Aleph2: Hive integration - IKANOW/Aleph2 GitHub Wiki

Hive integration

This page describes the install steps to integrate Hive as a data warehouse service for Aleph2, assuming use of Ambari

Aleph2 (ikanow-aleph2) 2.6.1606108+ must be installed.

  1. Create a directory /usr/hdp/current/lib/

  2. Download v2.2.0 of the elasticsearch hadoop install ZIP from here

  3. Unzip the ZIP and copy elasticsearch-hadoop-2.2.0.jar into /usr/hdp/current/lib/

  4. In Ambari, under the Hive service, config tab, advanced sub-tab, find the "hive-env template" setting (under "Advanced hive-env", and add the following line before export METASTORE_PORT={{hive_metastore_port}}:

    export HIVE_AUX_JARS_PATH="$HIVE_AUX_JARS_PATH:/usr/hdp/current/lib/elasticsearch-hadoop-2.2.0.jar:/usr/hdp/2.3.0.0-2557/hive/lib/commons-httpclient-3.0.1.jar"
    
  5. Restart the Hive services as prompted

  6. Install Hive clients on all Aleph2 nodes that run the ikanow-aleph2 daemon

On each of the Aleph2 nodes that run the ikanow-aleph2 daemon (eg the API nodes), create a symlink from /opt/aleph2-home/yarn-config to ln -sf /usr/hdp/current/hive-client/conf/hive-site.xml, eg

cd /opt/aleph2-home/yarn-config; ln -sf /usr/hdp/current/hive-client/conf/hive-site.xml

Bucket-level integration

This is described here (basic) and here (advanced).

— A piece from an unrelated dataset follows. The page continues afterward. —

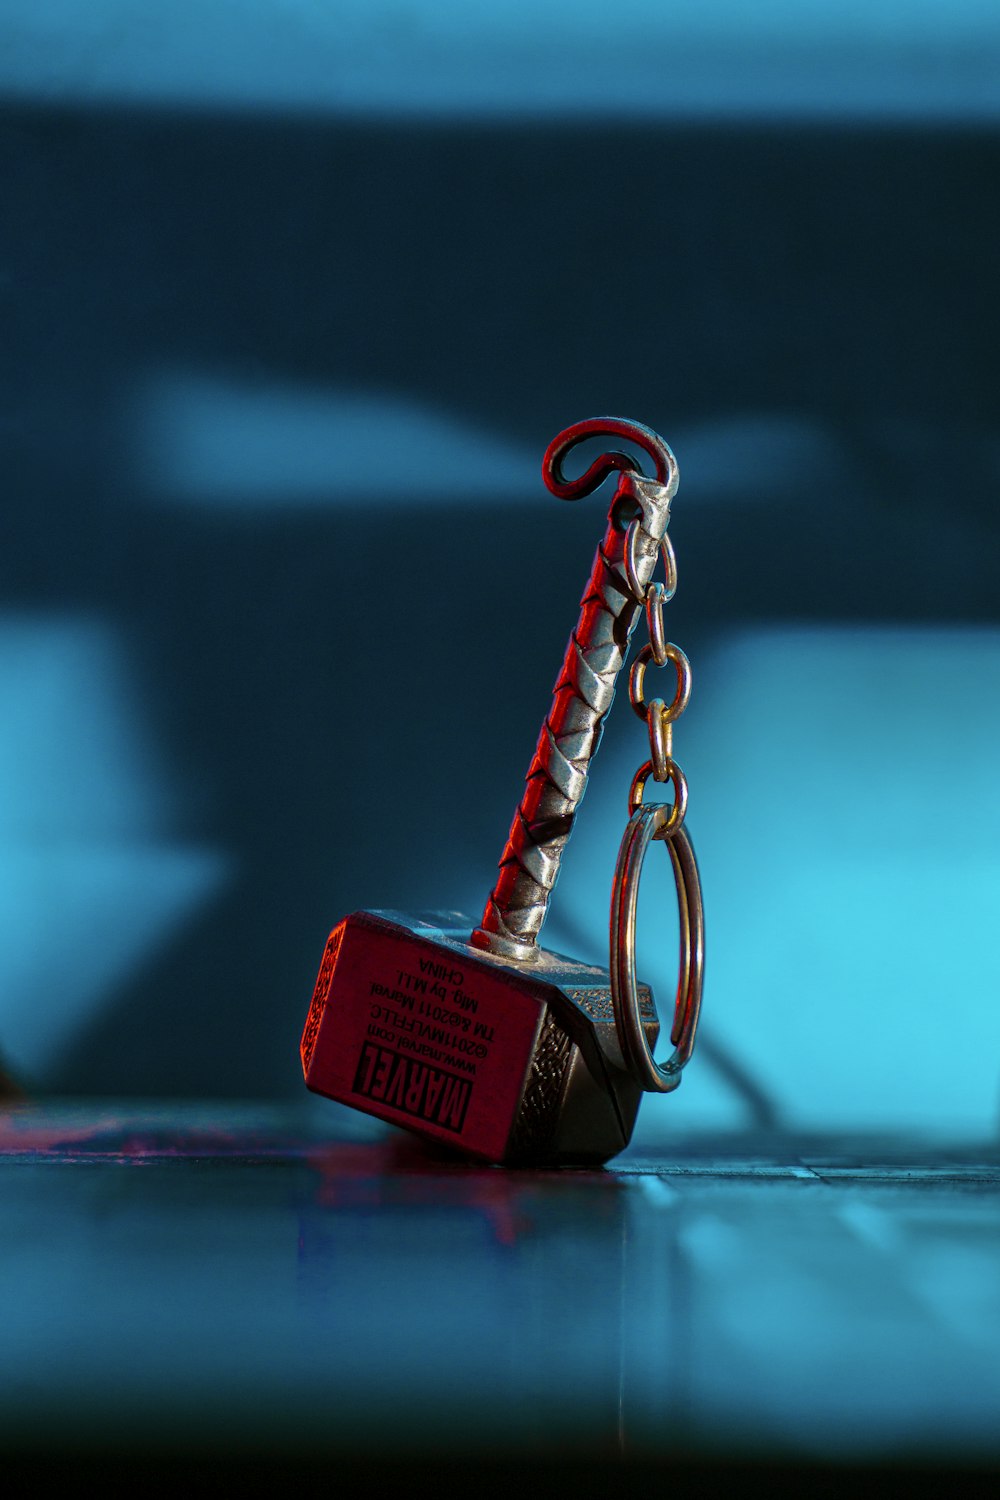 un porte-clés rouge auquel est attaché un crochet en métal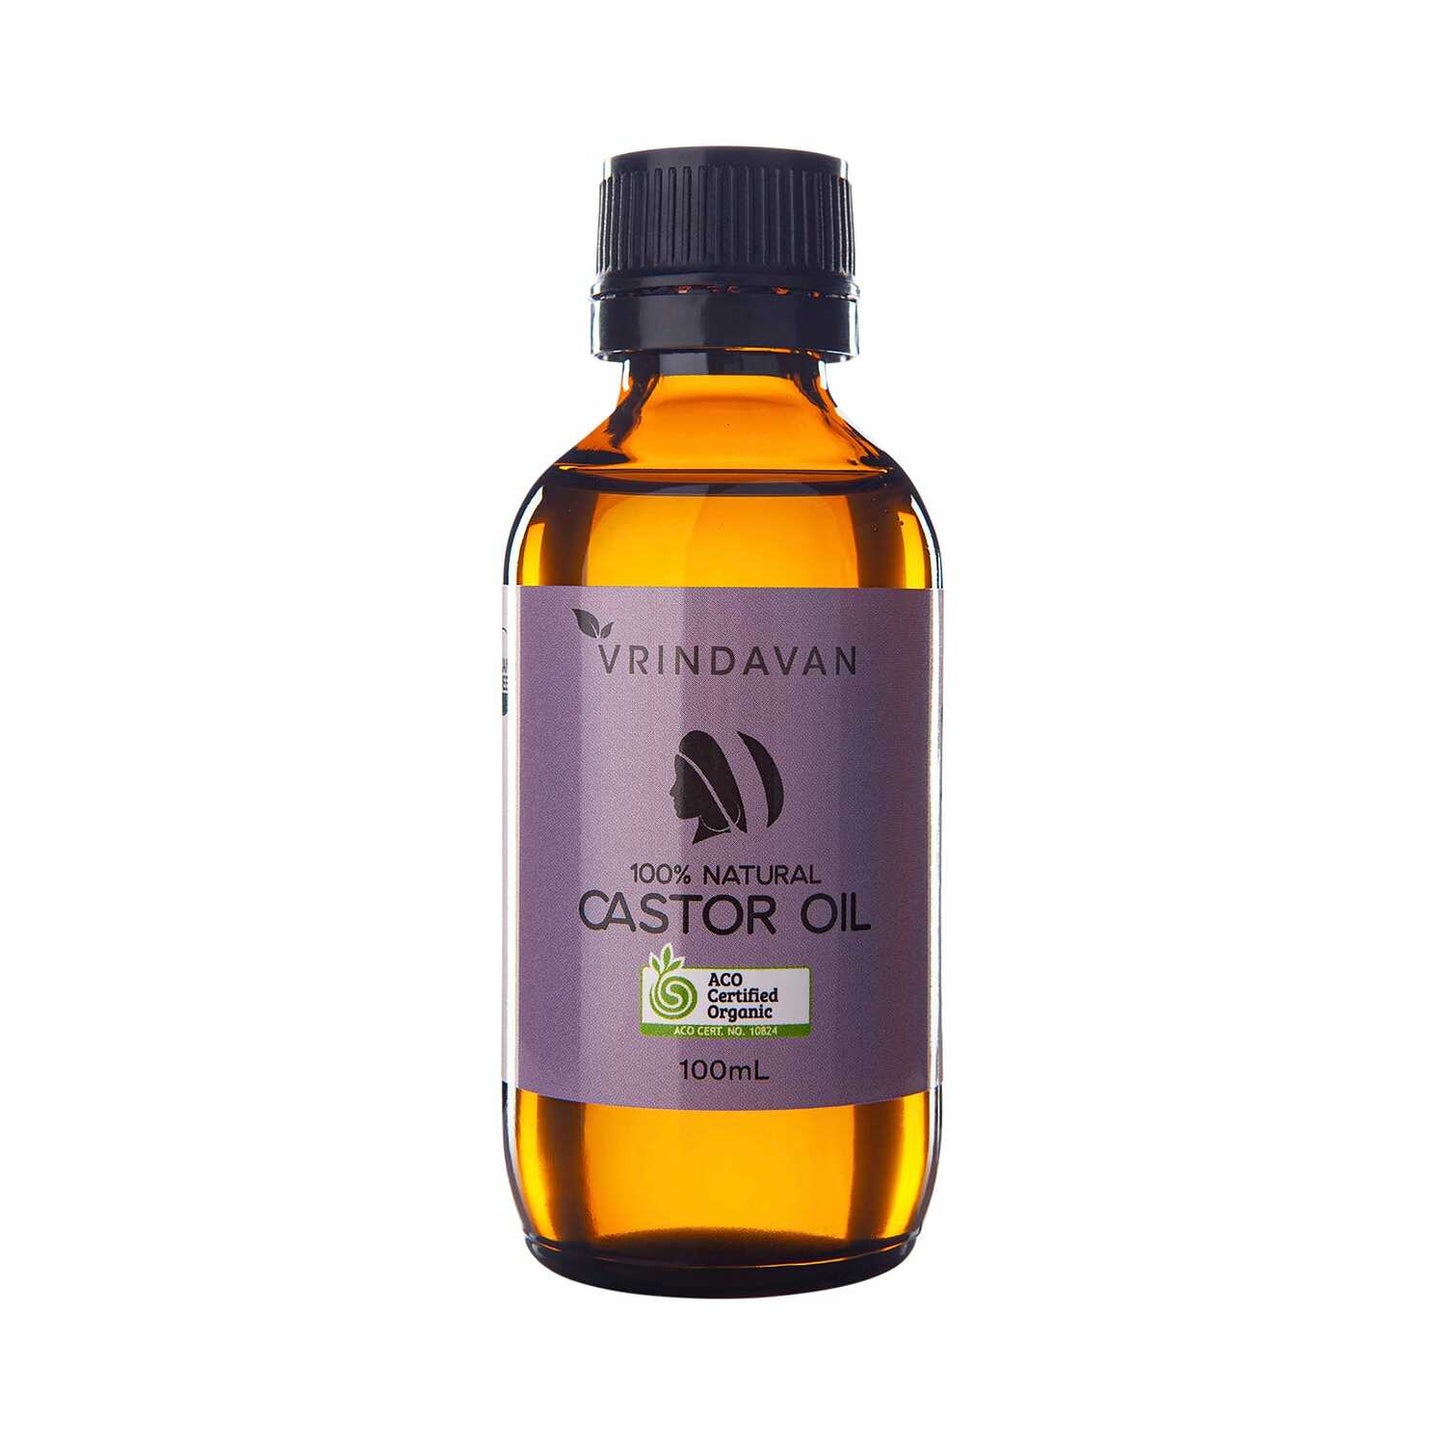 Vrindavan 100% Natural Castor Oil - Certified Organic - 100mL NEW Amber glass bottle

ZoomData/Data Warehouse integration

This section describes how to integrate the ZoomData BI tool into Aleph2.

ZoomData/Hive

Create a home folder in HDFS for the user anonymous:

runuser hdfs -s /bin/sh -c "hadoop fs -mkdir /user/anonymous"
runuser hdfs -s /bin/sh -c "hadoop fs -chown anonymous /user/anonymous"

In the UI, create a "SPARKSQL" source ("HIVE_ON_TEZ" also works though is disabled by default and need to be enabled from the admin console - and it is equivalent in functionality to the "SPARKSQL" source)

In the source configuration, the JDBC URL should look like: jdbc:hive2://<HIVE2-SERVER-NAME>:10000

where HIVE2-SERVER-NAME can be found by looking in Ambari, Hive service, click on "HiveServer2" link.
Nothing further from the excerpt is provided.